WHAT NEEDS TO BE DONE: With the pictures removed, the data below must be transcribed in full and exactly.

INFORMATION PROVIDED:
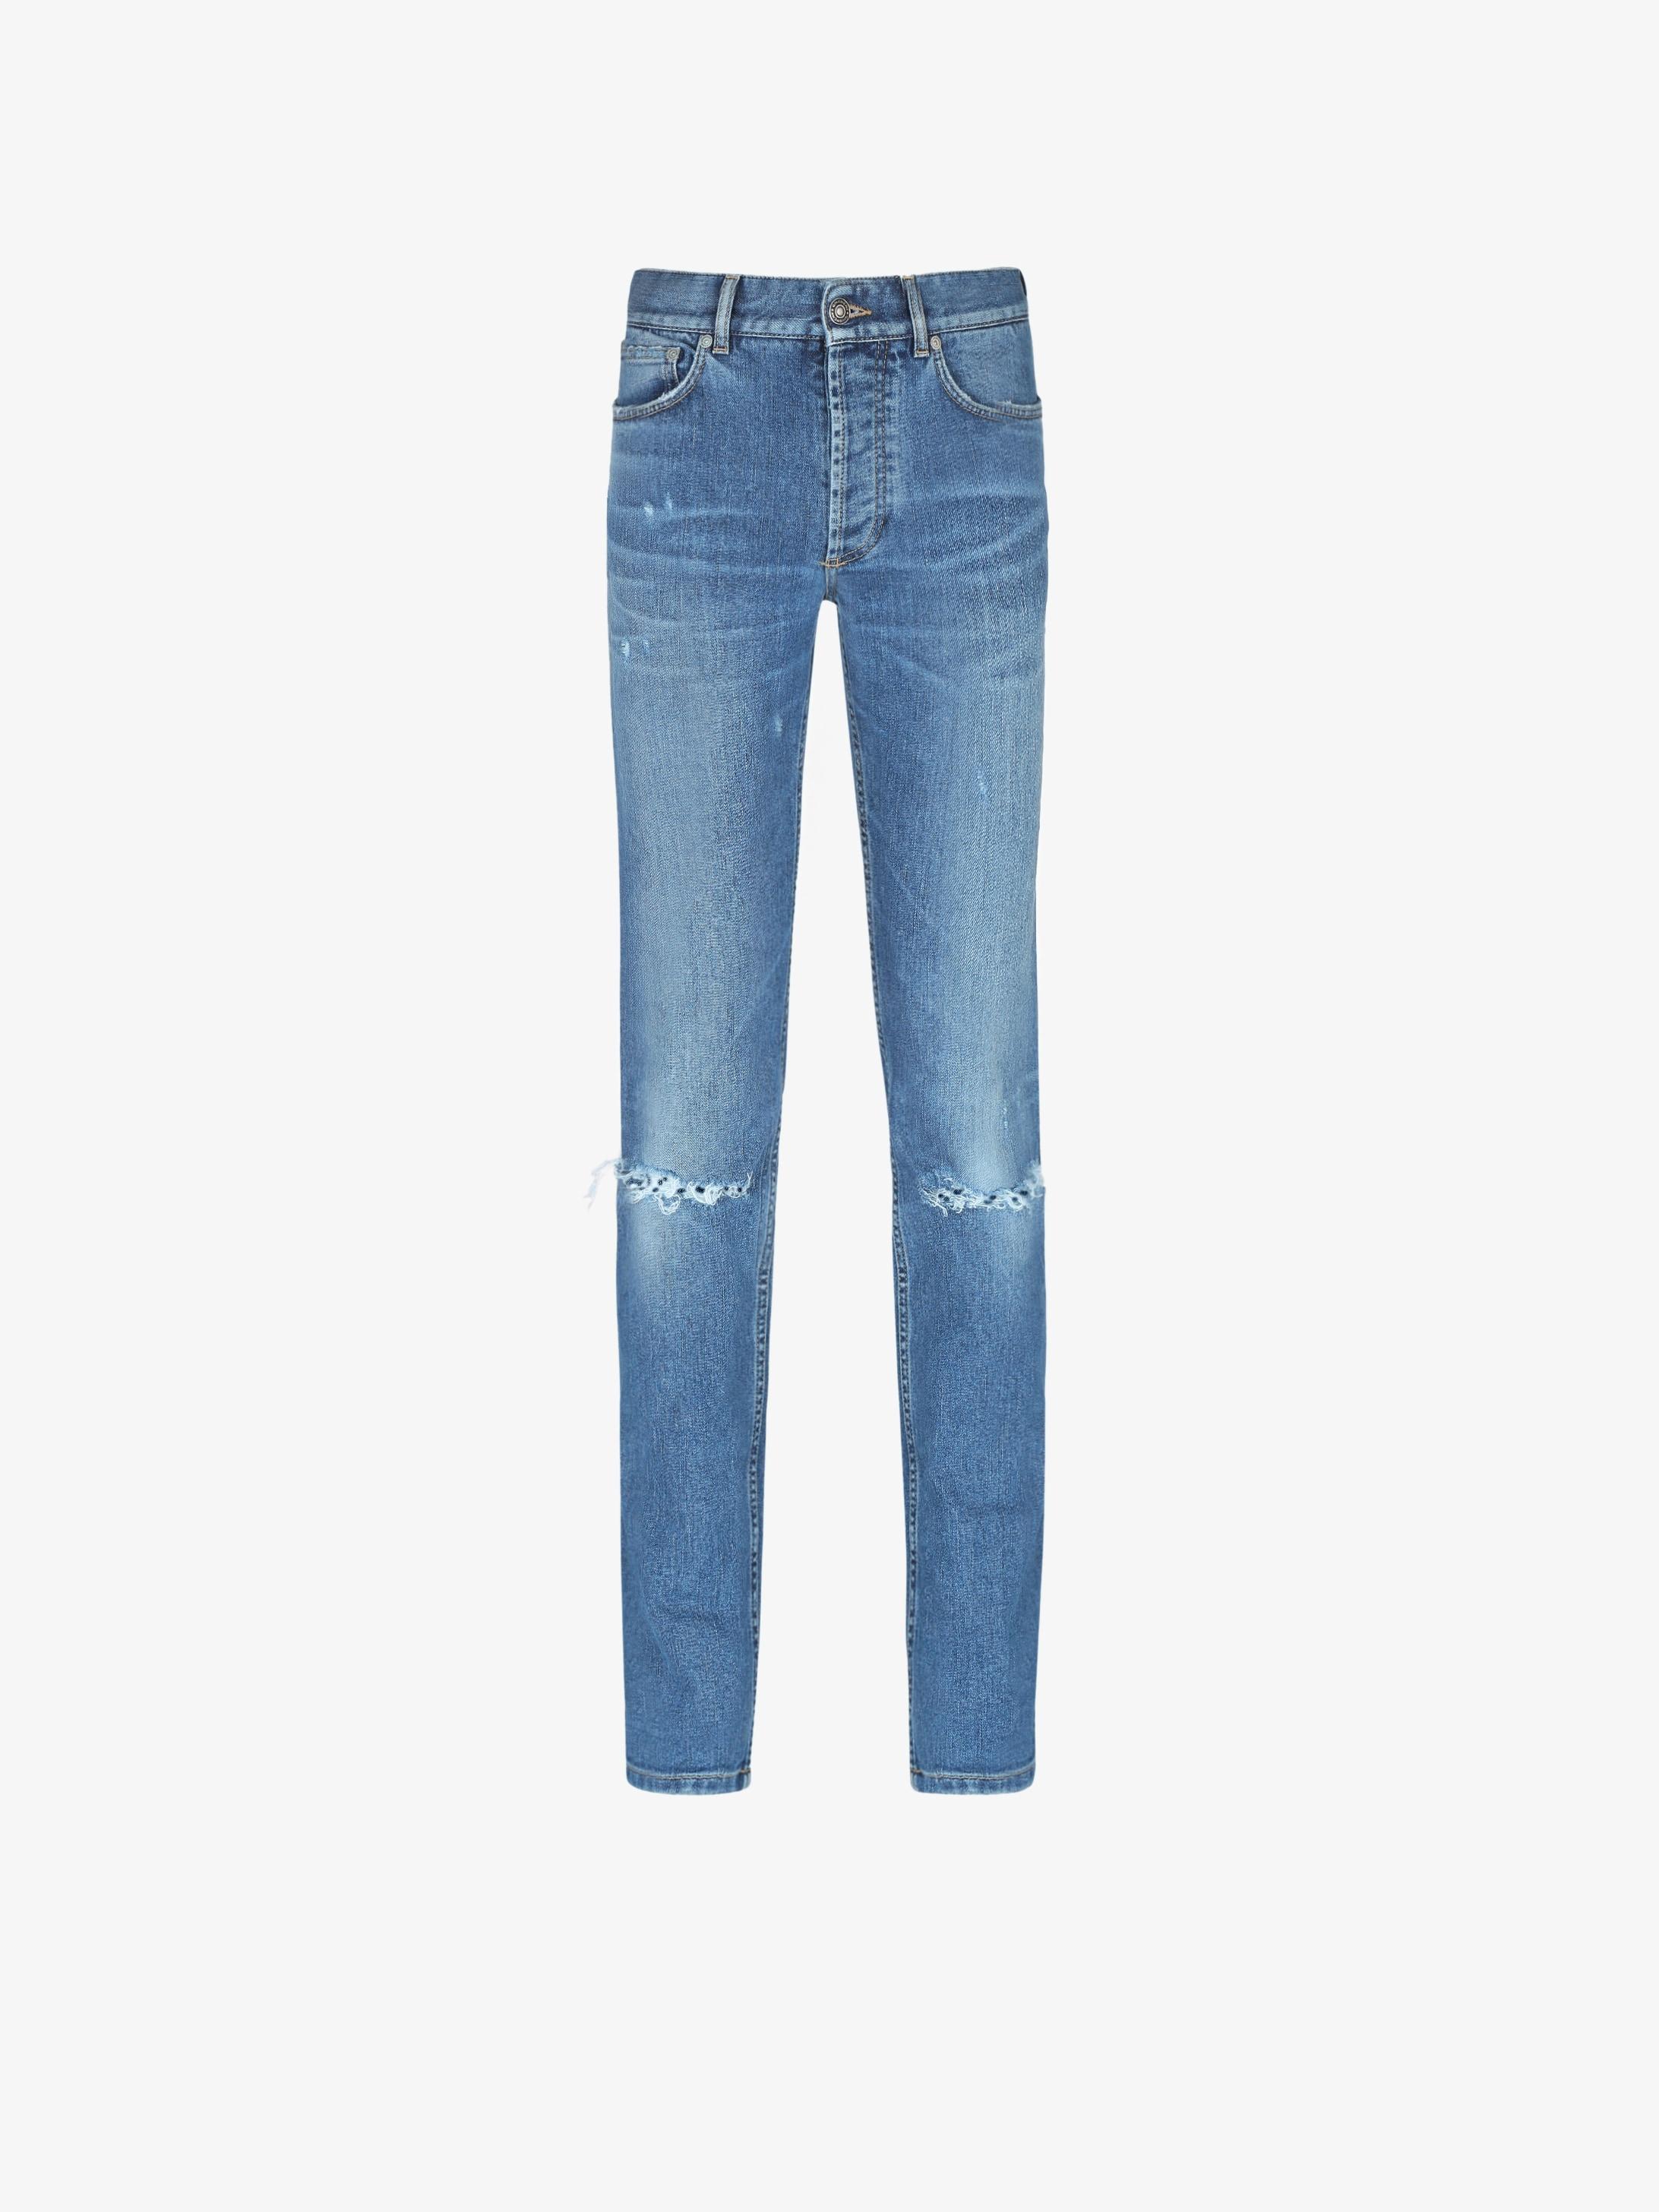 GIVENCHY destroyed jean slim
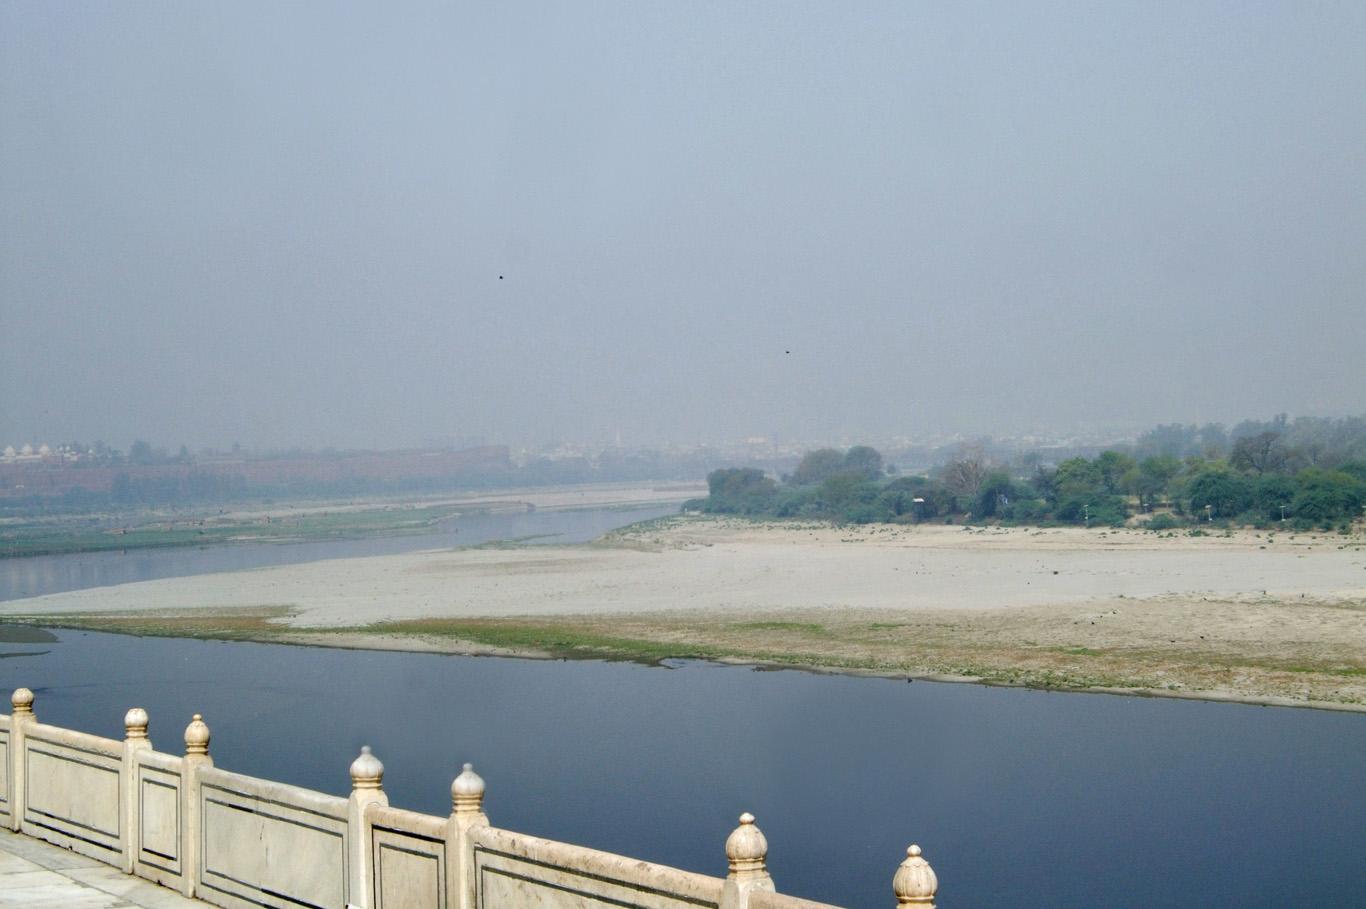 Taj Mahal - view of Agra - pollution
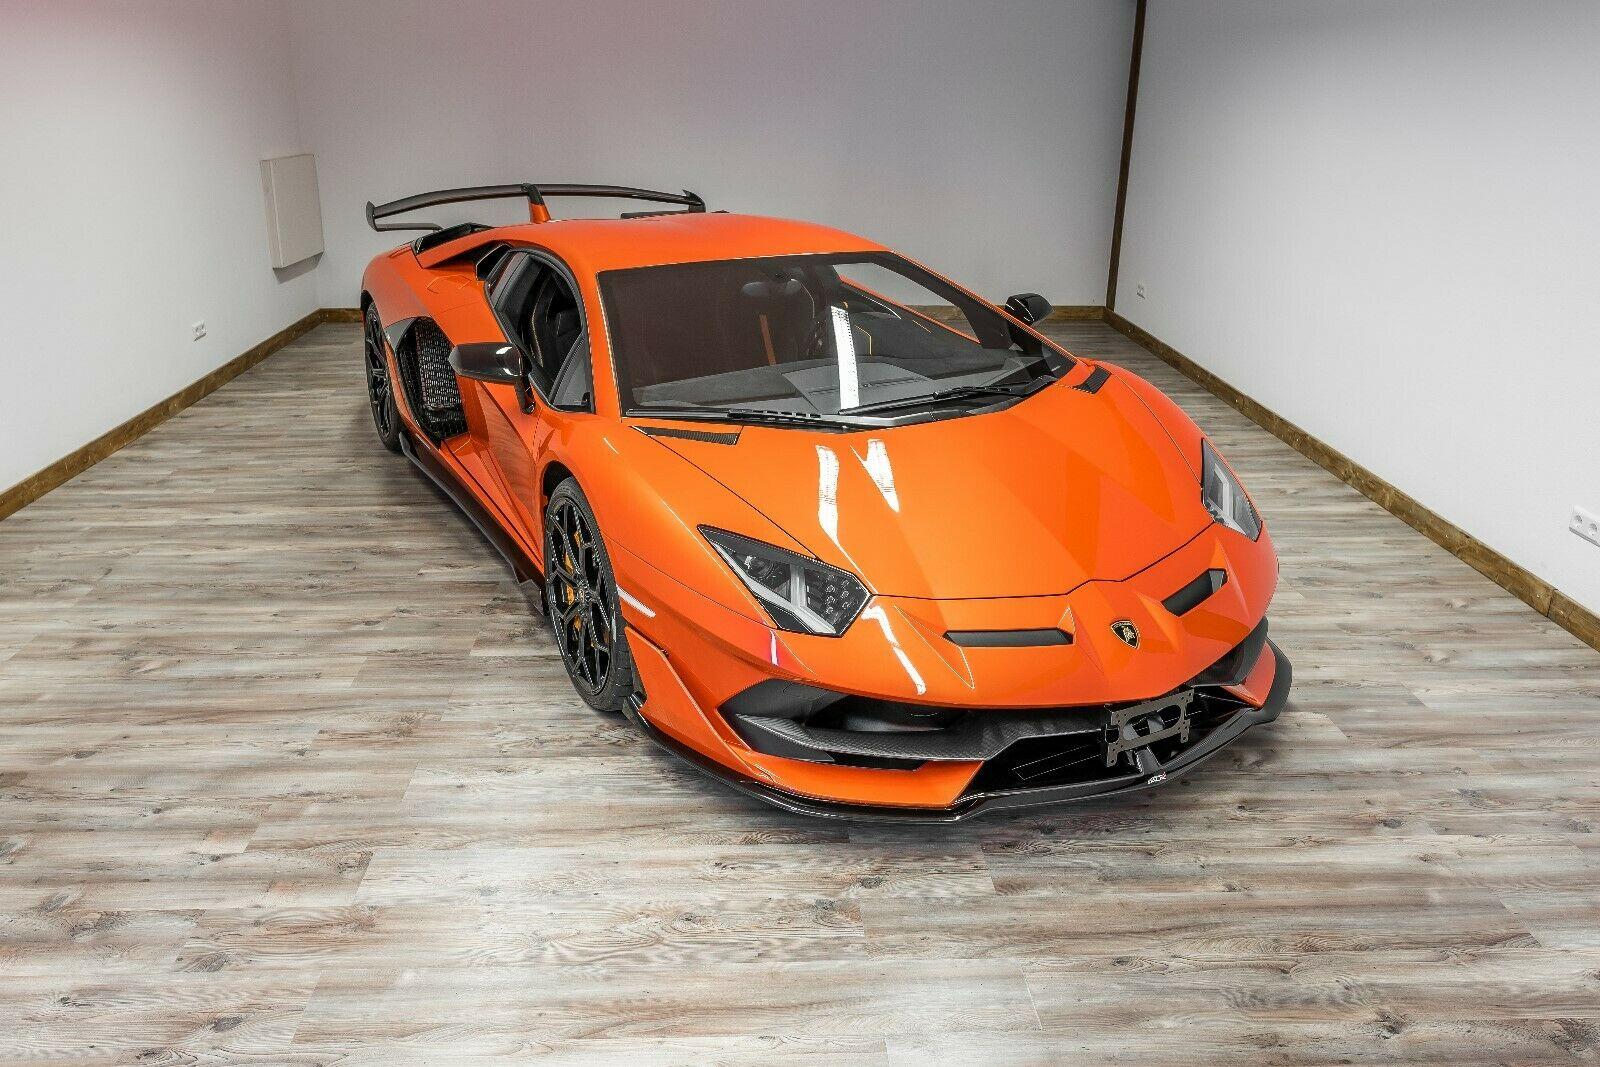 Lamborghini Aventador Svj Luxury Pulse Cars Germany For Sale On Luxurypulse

RESULT:
 GIVENCHY destroyed jean slim
 Taj Mahal - view of Agra - pollution
 Lamborghini Aventador Svj Luxury Pulse Cars Germany For Sale On Luxurypulse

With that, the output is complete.